Hi
I’m trying to estimate a simple model where an observable variable depends on the product between a latent state with an AR process and an observable exogenous variable. Here is the code (skipping a few steps, which are included in the attachment):
var mi_hh mpti q_inv_hh;
varexo e e_mpti q_inv_hh_obs;
model(linear);
mi_hh = q_inv_hh*mpti + e;
mpti = rrho_1 * mpti(-1) + rrho_2 * mpti(-2) + e_mpti;
q_inv_hh = q_inv_hh_obs;
end;
varobs mi_hh q_inv_hh;
estimation(datafile=country_data);
So mpti is the time varying coefficient, and q_inv_hh_obs is the exogenous variable. Dynare says that the model is non-linear which, strictly speaking, is true, given the first equation is the product of two endogenous variables. However, varobs only takes endogenous variables, so I always have to define q_inv_hh as endogenous. Any suggestions on how to solve this conundrum?
thanks
country_data.mat (1.7 KB)
mod_test.mod (588 Bytes)
It seems as if Dynare is not well suited for this exercise. Is the plan to have forward looking aspects in the model? And do you need to solve a full filtering problem? Or could you use a conditional likelihood?

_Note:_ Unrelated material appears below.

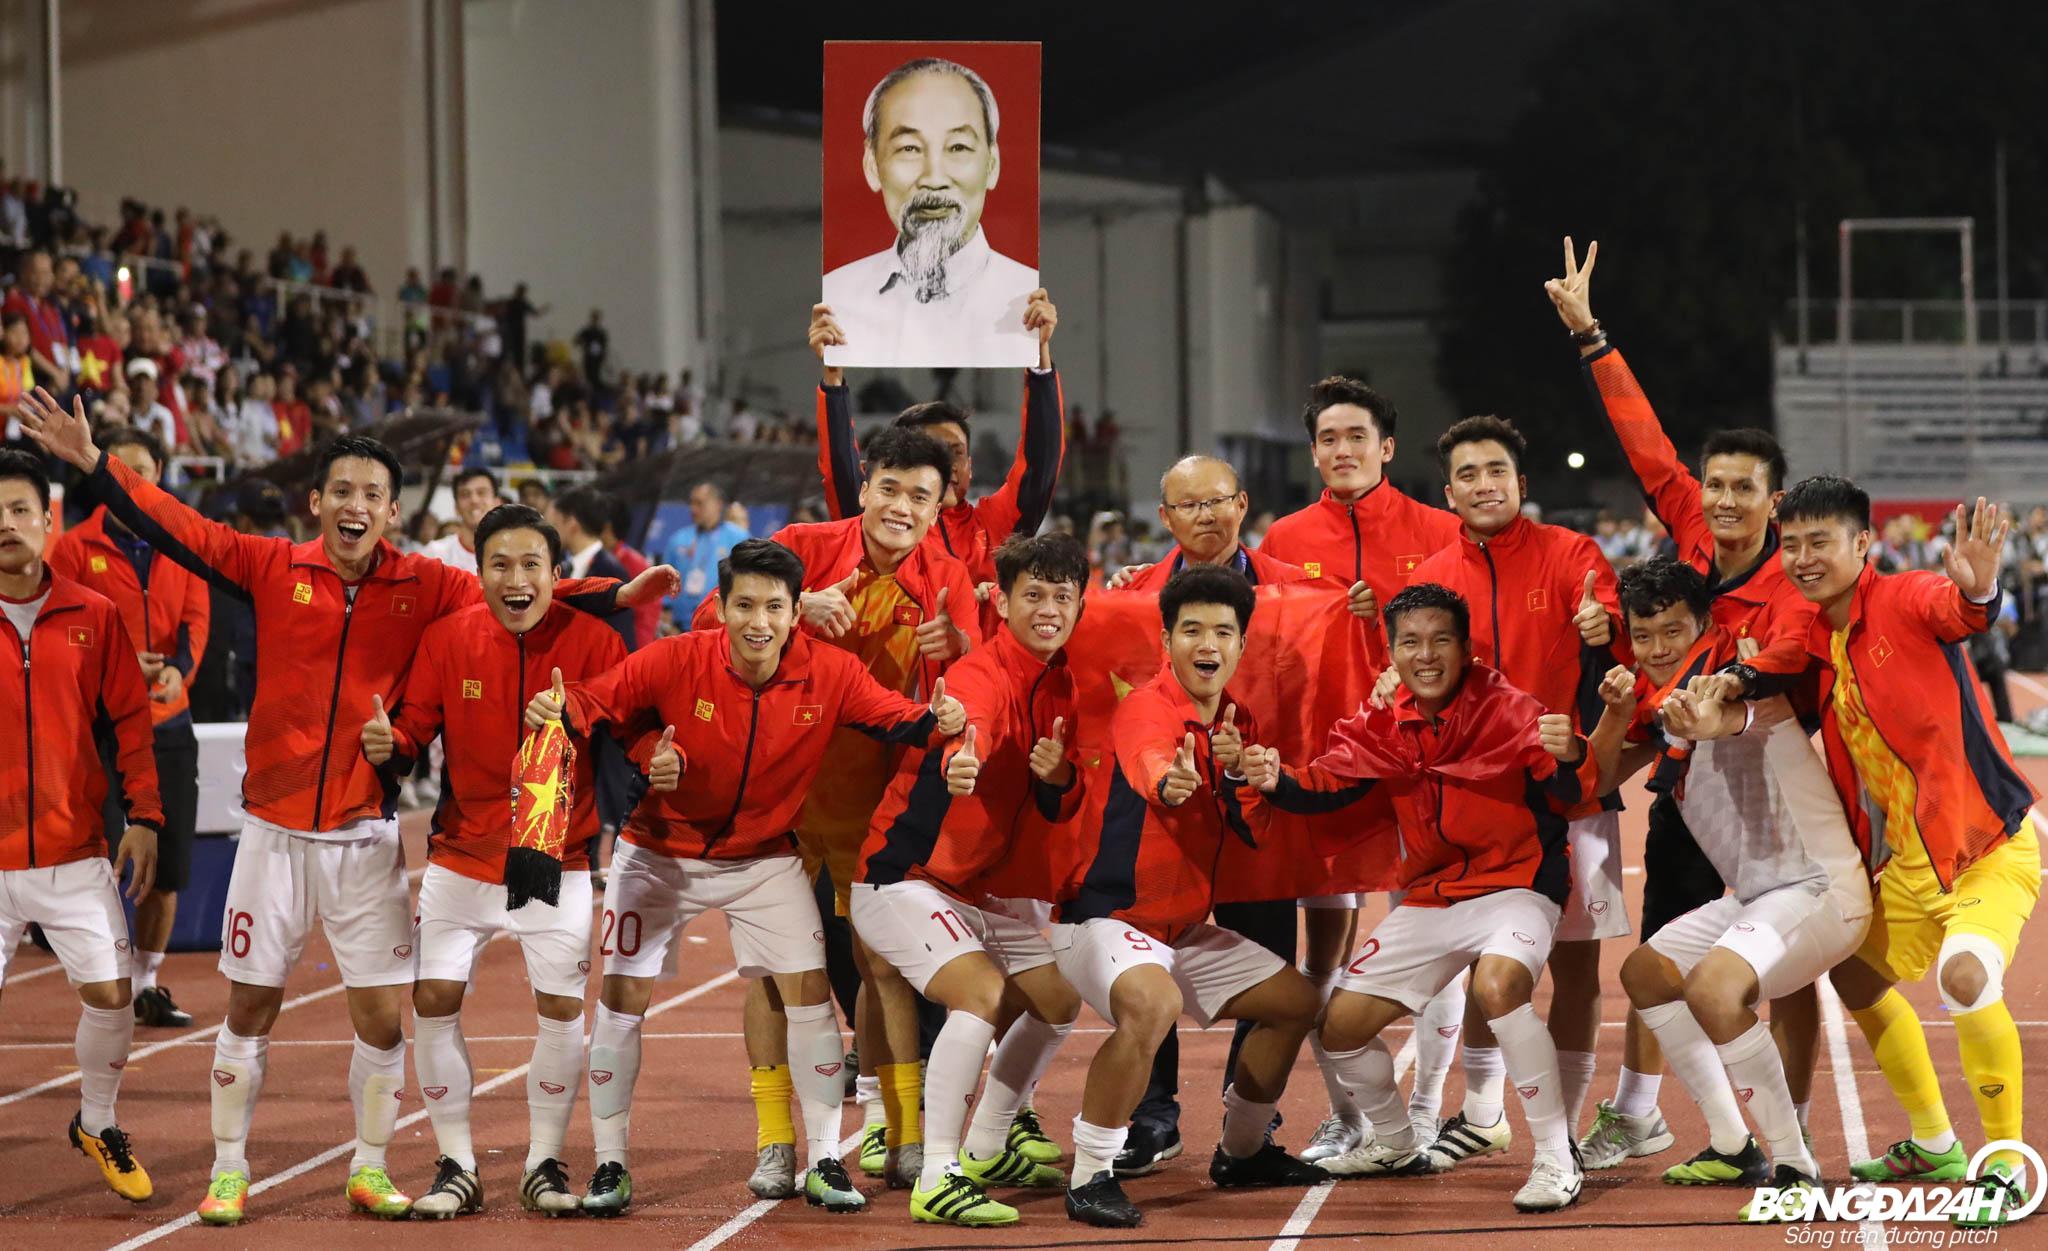 SEA Games, thành công: Hãy xem hình ảnh liên quan đến SEA Games và cảm nhận thành công tuyệt vời mà đội tuyển Việt Nam đã đạt được. Những khoảnh khắc ấn tượng của những vận động viên tài ba sẽ khiến bạn phấn khích và tự hào về đất nước.

Hi, thanks for the answer.
Yeah, it would seem so, but other toolkits (like Fabio Canova’s toolkit or Julia MacroModelling) have other limitations (e.g., FC does not do the linearization bit that I need, as the final model has non-linear terms, and Dynare has, nor does it allow one to have more than 1 lag with stochastic trend spec). So maybe I need to compromise on the model spec.
To answer your questions: although it would be nice to have the option to incorporate forward-looking aspects into the model, it’s not essential. I do need to estimate the latent variables and their covariances though. Do you have any suggestions for alternative toolkits?
But you are not interested in any stochastic effects the exogenous observed variable may have? Linearization will kill that. So essentially you have a state space system
\begin{align}
x_t&=Gx_{t-1} + \varepsilon_t\\
y_t&=H_tx_t+\nu_t
\end{align}
where H_t is a known fixed matrix.
Yeah that’s a (simpler) version of the model I want to estimate. In practice I’m building up to have something like:
z_t = …
x_t = …
y_t = H_t x_t *f(x_t,z_t) + z_t * g(x_t,z_t) +nu_t
where z_t is another state variable, H_t is observable, and f and g are non-linear functions of x and z. I need estimates of x and z, plus their AR parameters and the covariances.
This is why I need linearization. Otherwise, I need particle filtering or some other non-linear estimation tech, as I understand it. I wish to avoid this because of speed concerns.